Task data: Begin

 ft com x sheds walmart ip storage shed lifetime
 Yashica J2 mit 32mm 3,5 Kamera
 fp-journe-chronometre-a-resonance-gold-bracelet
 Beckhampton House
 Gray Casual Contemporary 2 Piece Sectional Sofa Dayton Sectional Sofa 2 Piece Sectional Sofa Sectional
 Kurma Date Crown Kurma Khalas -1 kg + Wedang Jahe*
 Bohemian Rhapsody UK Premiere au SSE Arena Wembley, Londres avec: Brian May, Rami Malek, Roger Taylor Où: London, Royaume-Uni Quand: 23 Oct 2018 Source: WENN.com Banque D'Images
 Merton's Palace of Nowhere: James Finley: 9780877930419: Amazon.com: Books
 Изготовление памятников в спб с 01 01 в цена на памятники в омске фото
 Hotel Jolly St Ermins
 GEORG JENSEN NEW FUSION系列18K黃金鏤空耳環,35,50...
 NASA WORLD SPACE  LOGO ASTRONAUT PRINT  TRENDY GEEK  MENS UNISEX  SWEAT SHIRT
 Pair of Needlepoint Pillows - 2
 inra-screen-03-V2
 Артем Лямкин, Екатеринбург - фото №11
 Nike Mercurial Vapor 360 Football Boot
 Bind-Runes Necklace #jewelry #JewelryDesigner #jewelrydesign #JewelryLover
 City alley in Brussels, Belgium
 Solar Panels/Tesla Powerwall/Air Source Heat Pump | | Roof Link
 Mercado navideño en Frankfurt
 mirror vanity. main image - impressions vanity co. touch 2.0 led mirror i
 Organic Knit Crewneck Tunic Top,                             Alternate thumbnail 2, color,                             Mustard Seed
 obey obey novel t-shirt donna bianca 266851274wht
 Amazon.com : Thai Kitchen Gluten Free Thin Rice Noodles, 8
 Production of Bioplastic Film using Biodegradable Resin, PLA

Task data: End

### Task to carry out
Reproduce the full listing above, keeping every line intact.

### Exercise response
 ft com x sheds walmart ip storage shed lifetime
 Yashica J2 mit 32mm 3,5 Kamera
 fp-journe-chronometre-a-resonance-gold-bracelet
 Beckhampton House
 Gray Casual Contemporary 2 Piece Sectional Sofa Dayton Sectional Sofa 2 Piece Sectional Sofa Sectional
 Kurma Date Crown Kurma Khalas -1 kg + Wedang Jahe*
 Bohemian Rhapsody UK Premiere au SSE Arena Wembley, Londres avec: Brian May, Rami Malek, Roger Taylor Où: London, Royaume-Uni Quand: 23 Oct 2018 Source: WENN.com Banque D'Images
 Merton's Palace of Nowhere: James Finley: 9780877930419: Amazon.com: Books
 Изготовление памятников в спб с 01 01 в цена на памятники в омске фото
 Hotel Jolly St Ermins
 GEORG JENSEN NEW FUSION系列18K黃金鏤空耳環,35,50...
 NASA WORLD SPACE  LOGO ASTRONAUT PRINT  TRENDY GEEK  MENS UNISEX  SWEAT SHIRT
 Pair of Needlepoint Pillows - 2
 inra-screen-03-V2
 Артем Лямкин, Екатеринбург - фото №11
 Nike Mercurial Vapor 360 Football Boot
 Bind-Runes Necklace #jewelry #JewelryDesigner #jewelrydesign #JewelryLover
 City alley in Brussels, Belgium
 Solar Panels/Tesla Powerwall/Air Source Heat Pump | | Roof Link
 Mercado navideño en Frankfurt
 mirror vanity. main image - impressions vanity co. touch 2.0 led mirror i
 Organic Knit Crewneck Tunic Top,                             Alternate thumbnail 2, color,                             Mustard Seed
 obey obey novel t-shirt donna bianca 266851274wht
 Amazon.com : Thai Kitchen Gluten Free Thin Rice Noodles, 8
 Production of Bioplastic Film using Biodegradable Resin, PLA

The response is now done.